Whenever a picture appears, leave it out while repeating all the other data exactly.

_DATA EXCERPT_
%%

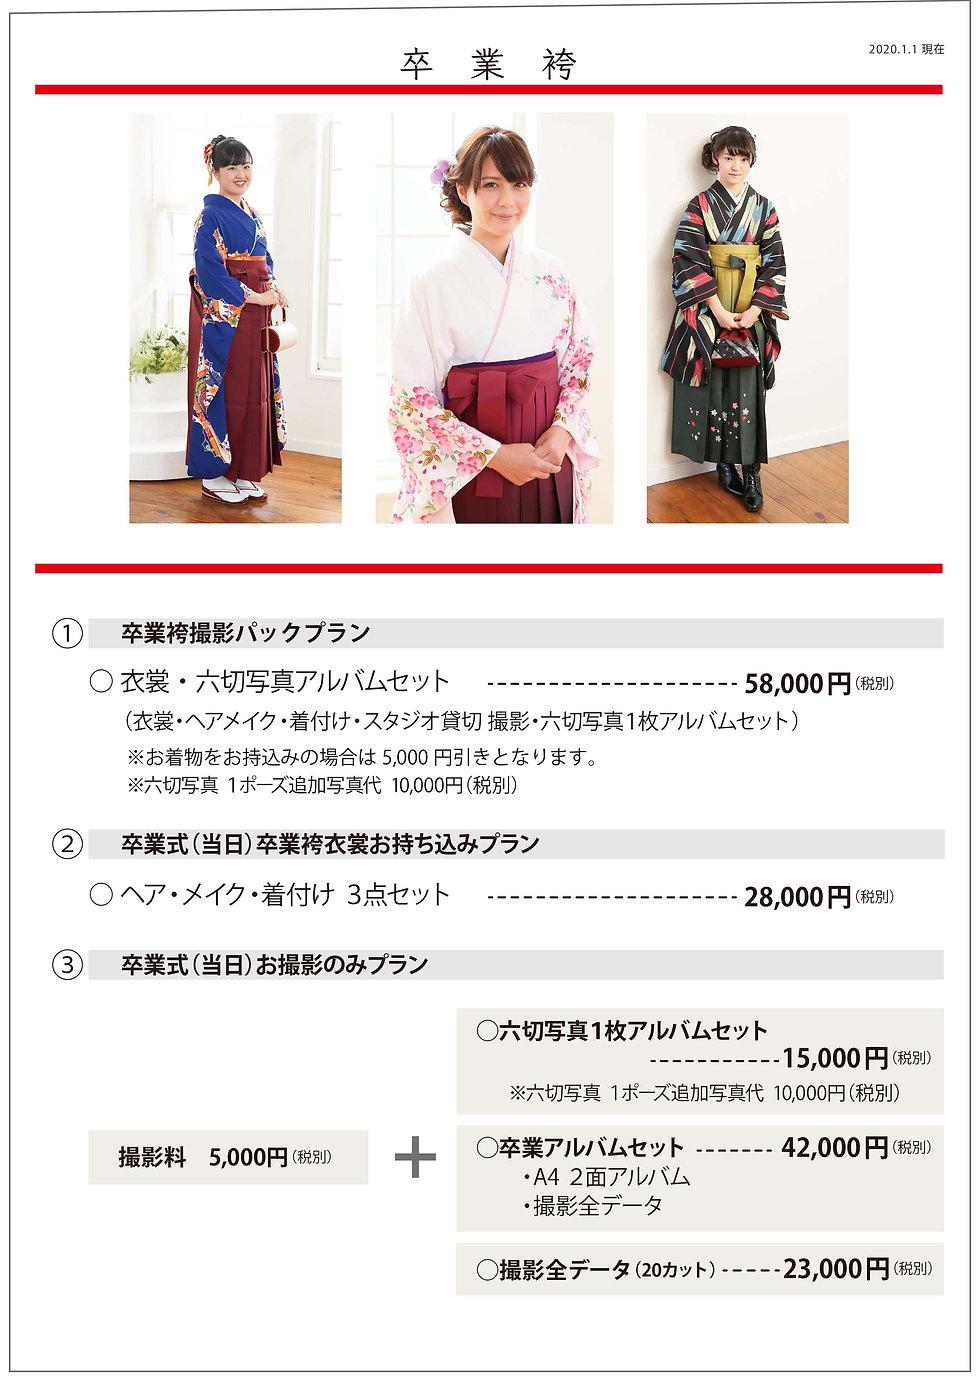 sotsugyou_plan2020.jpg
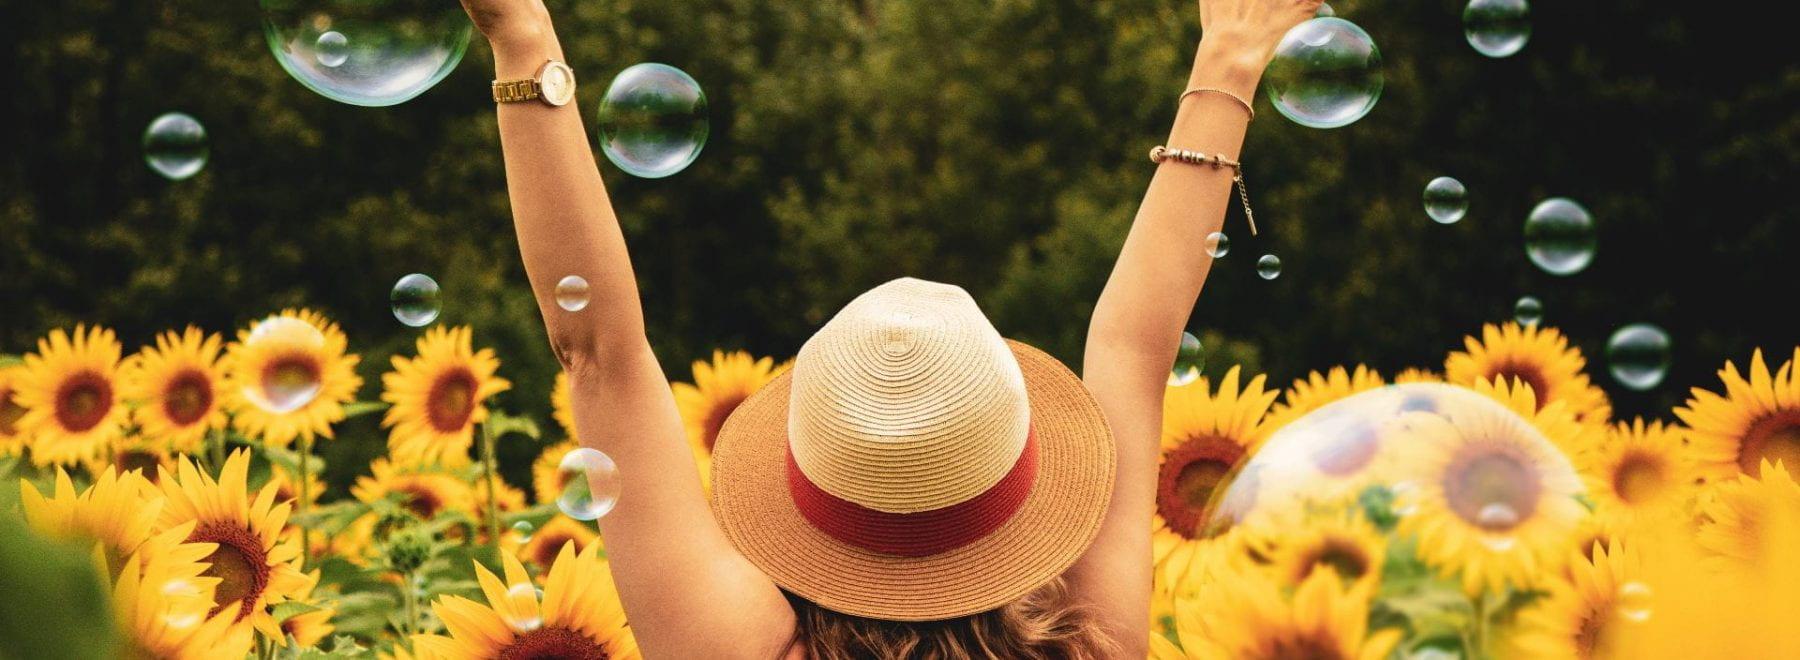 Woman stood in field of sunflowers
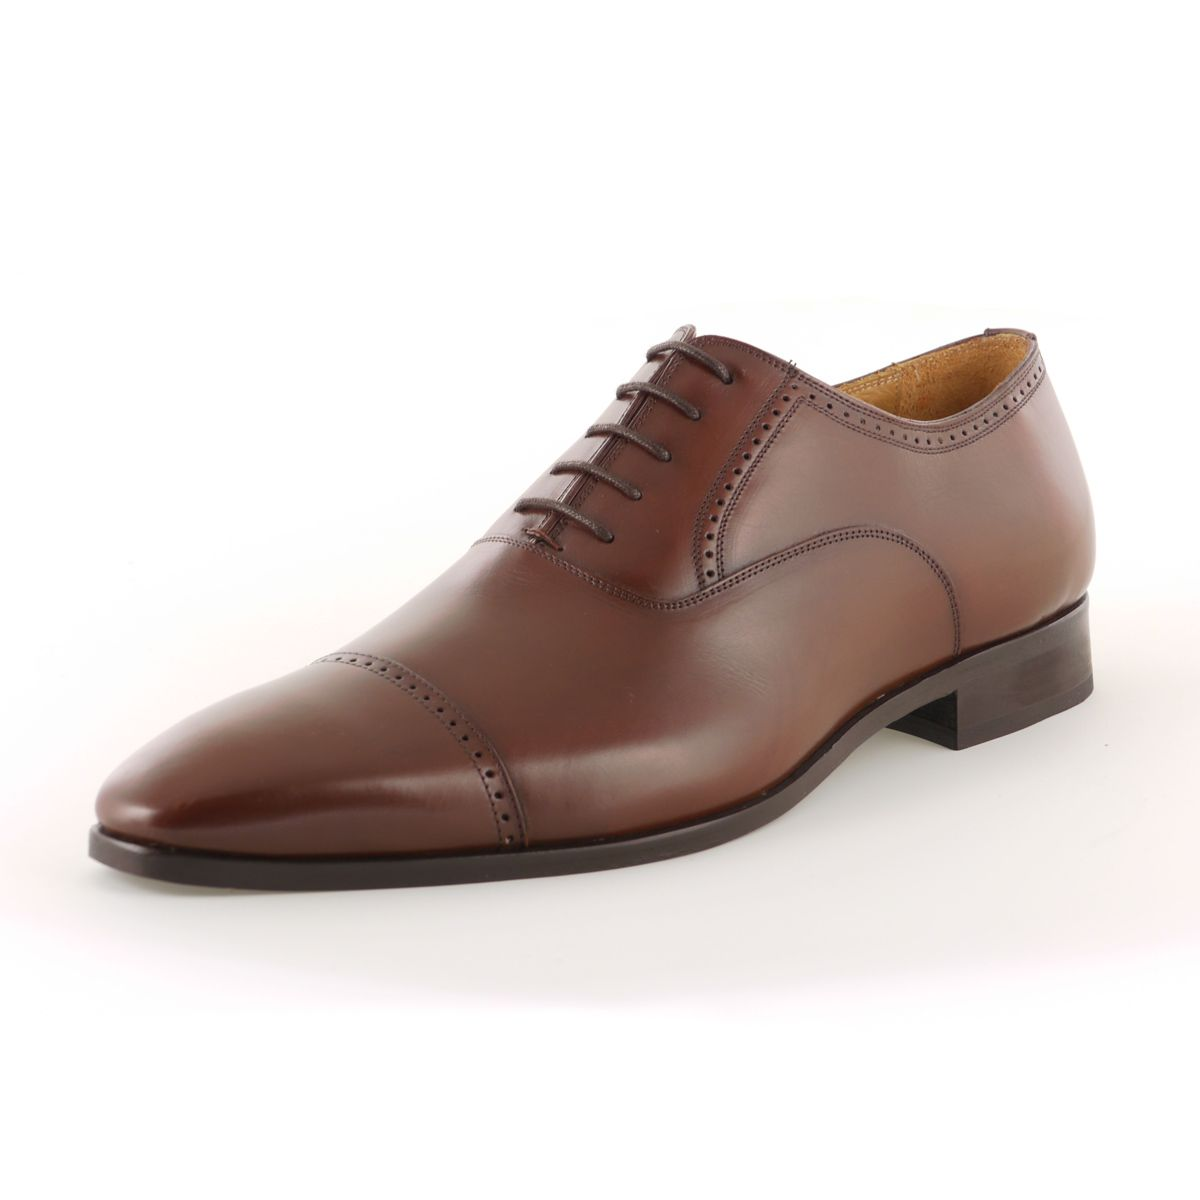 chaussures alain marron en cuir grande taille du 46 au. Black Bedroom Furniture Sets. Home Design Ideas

%%

_TASK SOLUTION_
 sotsugyou_plan2020.jpg
 Woman stood in field of sunflowers
 chaussures alain marron en cuir grande taille du 46 au. Black Bedroom Furniture Sets. Home Design Ideas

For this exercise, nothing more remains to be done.